RZ: I actually think you almost you gave the answer in the question. You have to make the consumer the center of the problem you’re trying to solve. Look around at the teams that you’re building to solve some of these health care challenges. Are all the right people at the table? Do you have, if not a patient or the consumer himself, do you have someone who is an advocate for the consumer who continually represents their point of view, their concerns, as you build these solutions? And I think from our particular point of view, the design process is a great tool to allow that to happen—to keep that consumer, the keep that patient always at the center of the solution.

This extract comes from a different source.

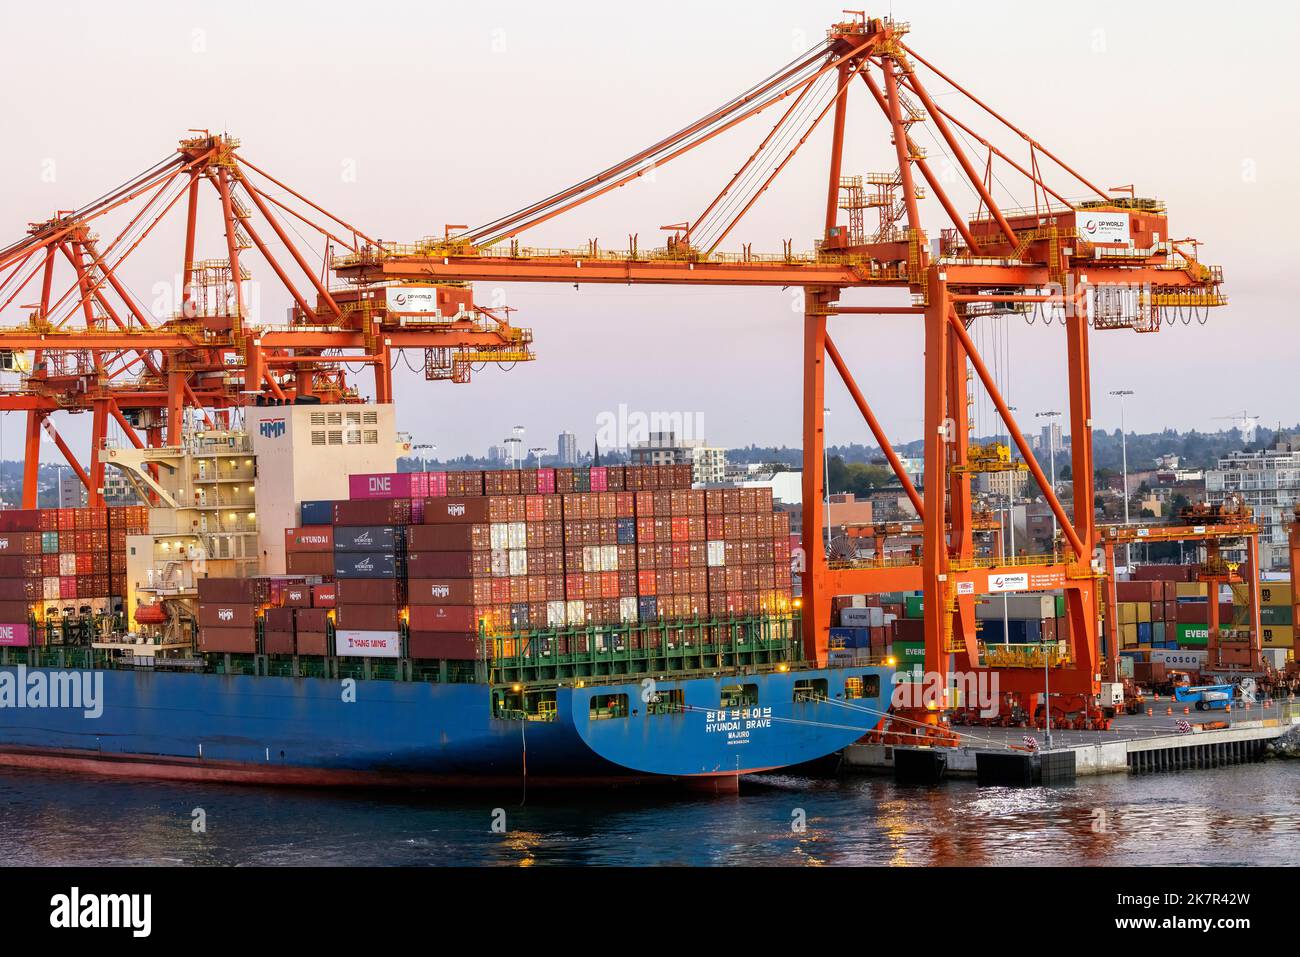 Cranes loading shipping containers in the Port of Vancouver - Vancouver, British Columbia, Canada Stock Photo

JS: Randy, I just want to take a second to thank you for talking with us today. It was great to hear about your experience with the “A Bill You Can Understand Challenge.” And congratulations again on winning the award.
About RadNet
RadNet, Inc. is the leading national provider of free-standing, fixed-site diagnostic imaging services in the United States based on the number of locations and annual imaging revenue. RadNet has a network of 305 owned and/or operated outpatient imaging centers. RadNet’s core markets include California, Maryland, Delaware, New Jersey, New York and Rhode Island. In addition, RadNet provides radiology information technology solutions, teleradiology professional services and other related products and services to customers in the diagnostic imaging industry. Together with affiliated radiologists, and inclusive of full-time and per diem employees and technicians, RadNet has a total of approximately 7,300 employees.